- **DESCRIPTION OF THE TASK**
Retype each line of the material exactly, please, skipping any picture in it.

- **DATA SHOWN**
● ● ● ● ●

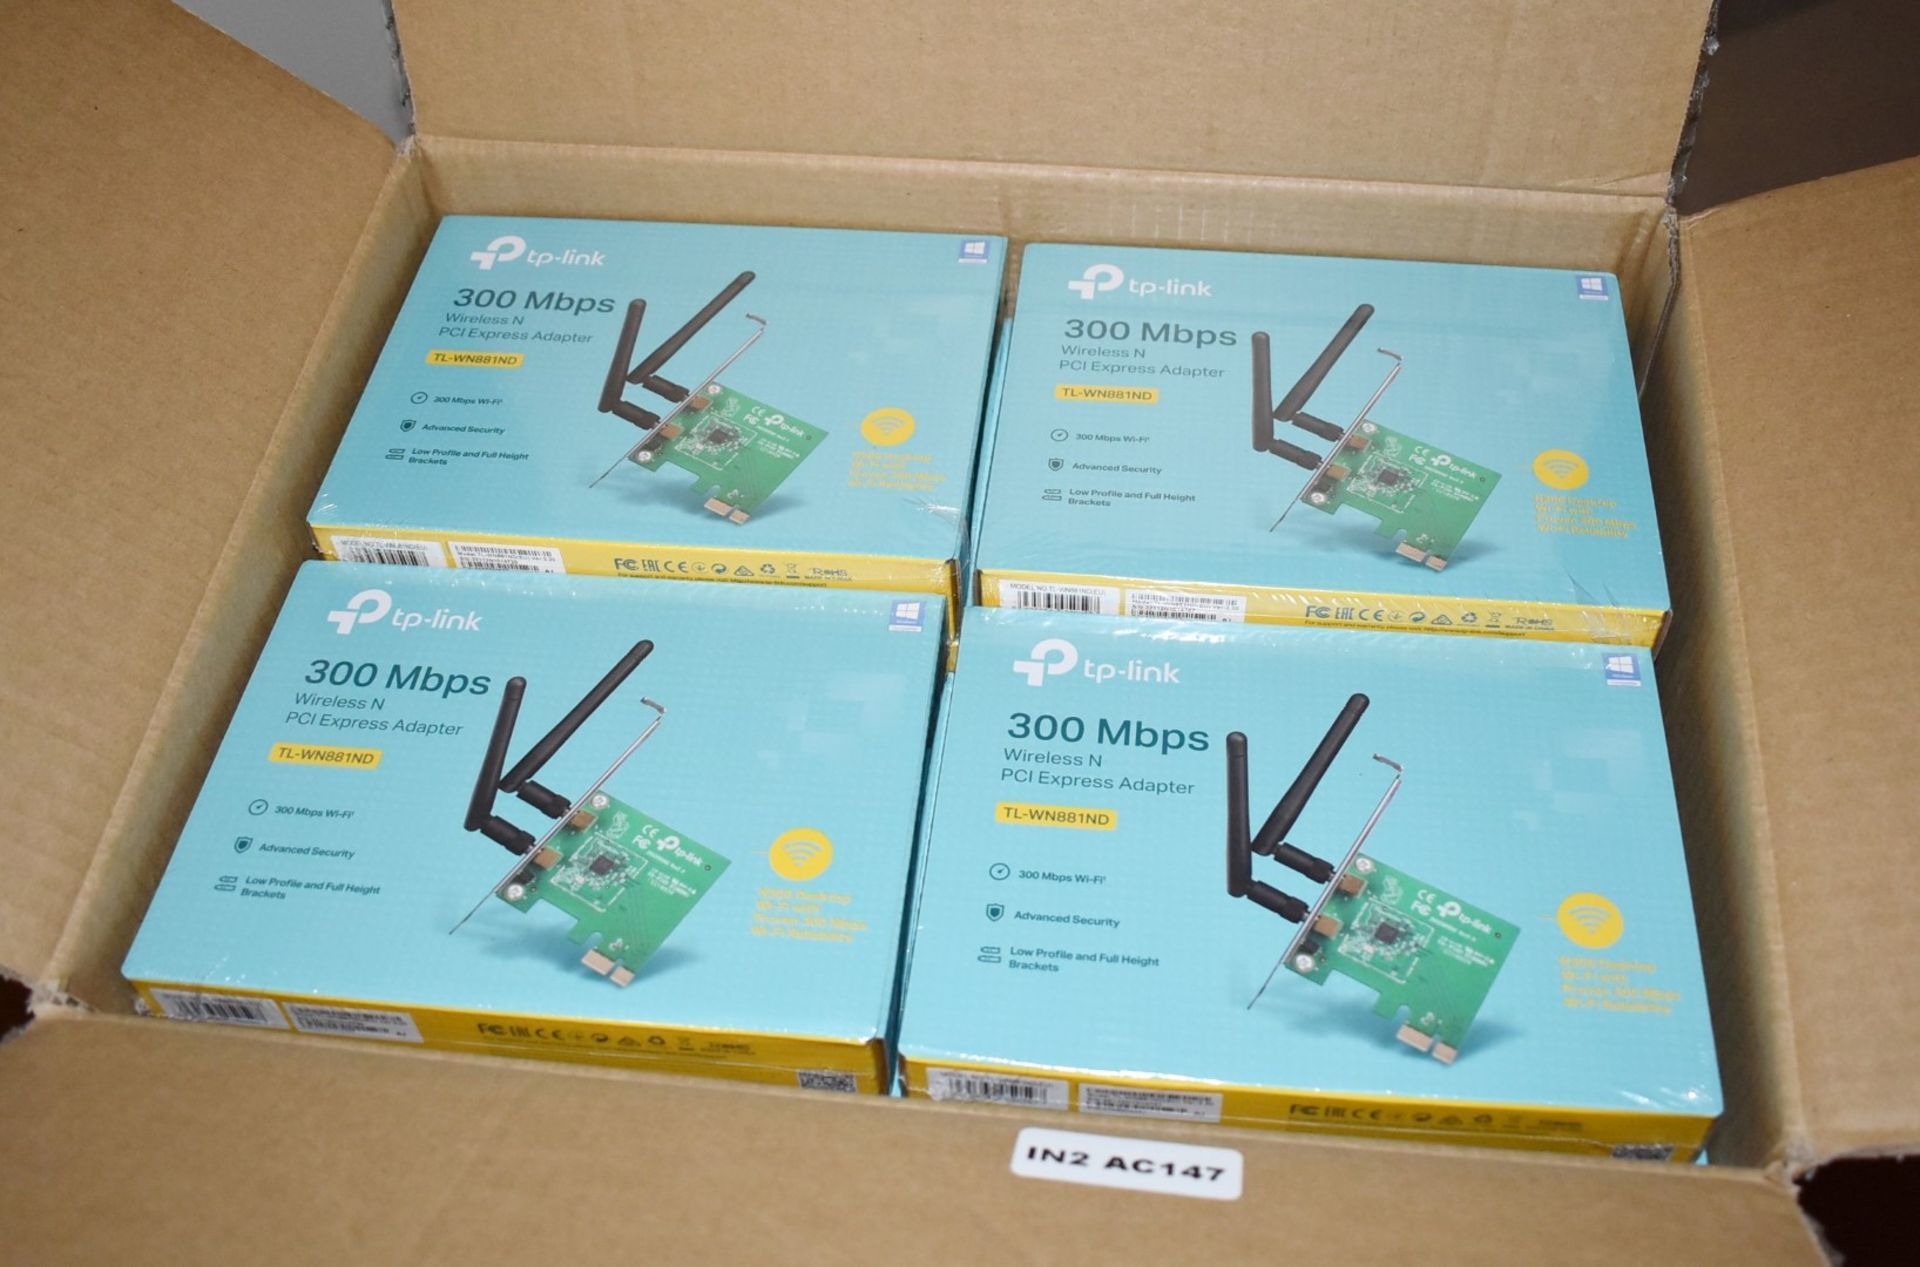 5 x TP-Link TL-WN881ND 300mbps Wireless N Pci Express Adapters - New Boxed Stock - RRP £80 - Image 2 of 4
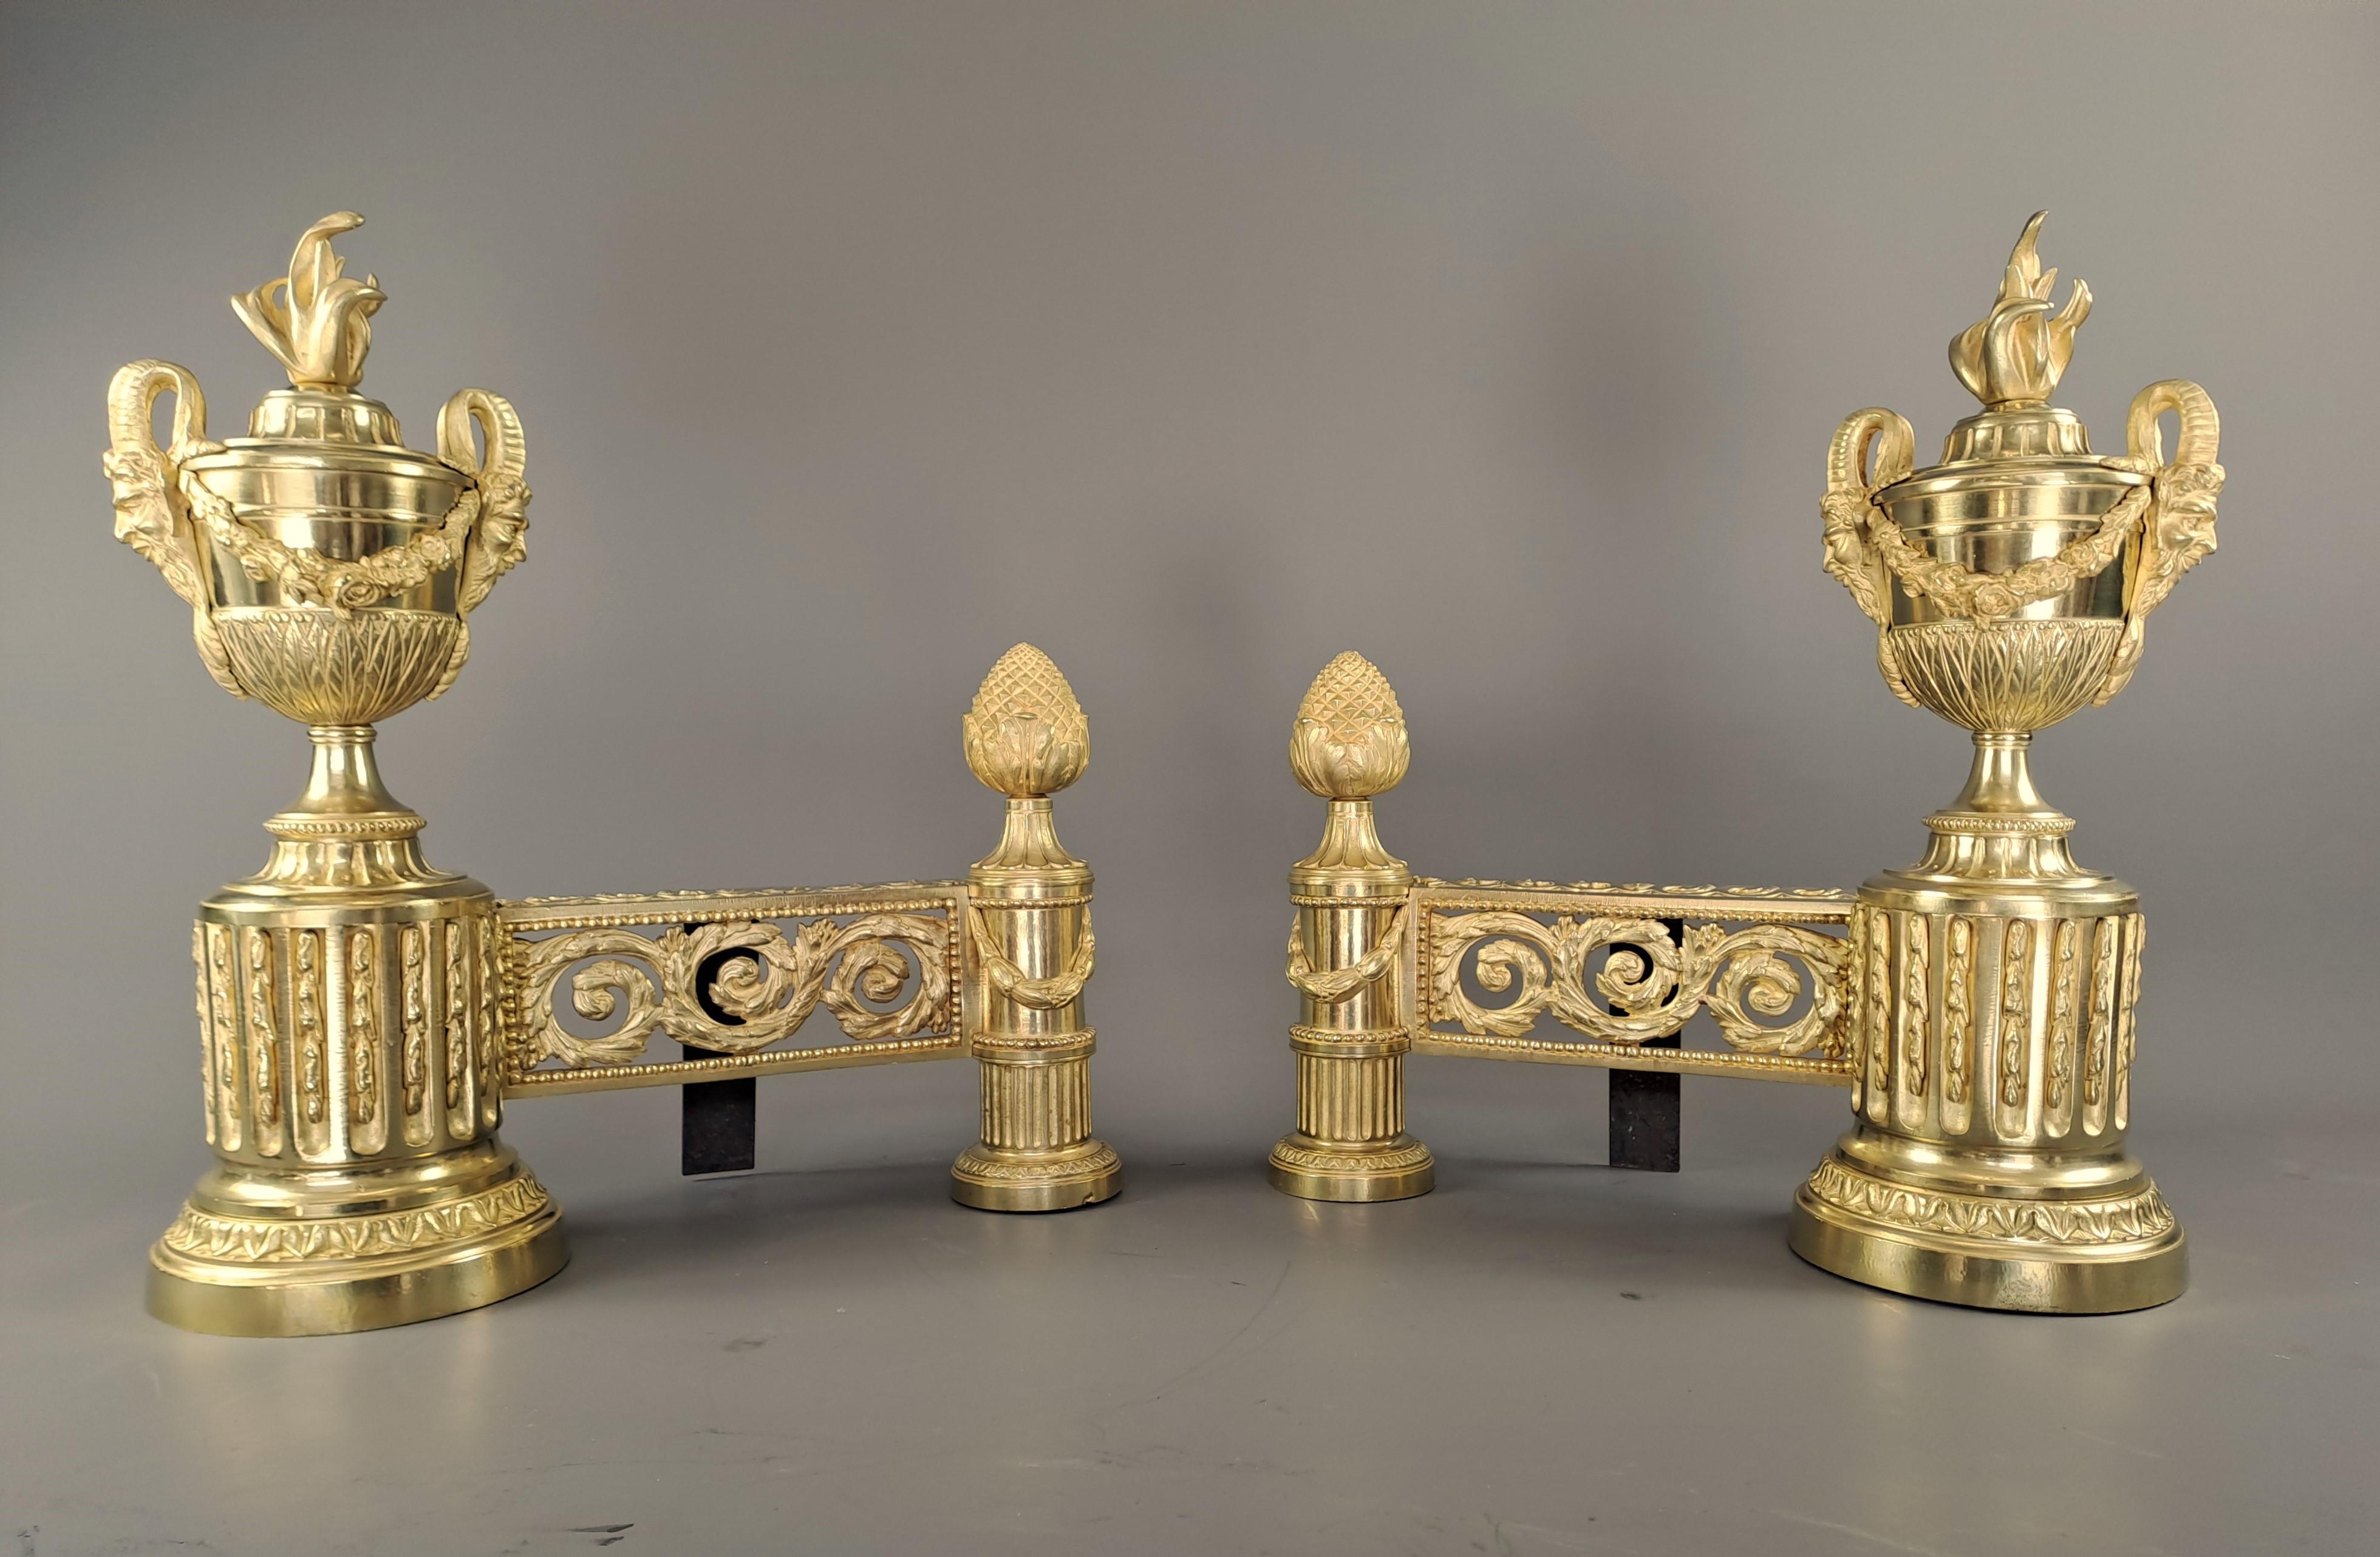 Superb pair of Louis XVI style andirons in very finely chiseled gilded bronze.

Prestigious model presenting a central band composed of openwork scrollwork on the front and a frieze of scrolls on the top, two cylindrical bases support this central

● ● ● ● ●

- **WRITTEN RESPONSE**
 5 x TP-Link TL-WN881ND 300mbps Wireless N Pci Express Adapters - New Boxed Stock - RRP £80 - Image 2 of 4
 Superb pair of Louis XVI style andirons in very finely chiseled gilded bronze.

Prestigious model presenting a central band composed of openwork scrollwork on the front and a frieze of scrolls on the top, two cylindrical bases support this central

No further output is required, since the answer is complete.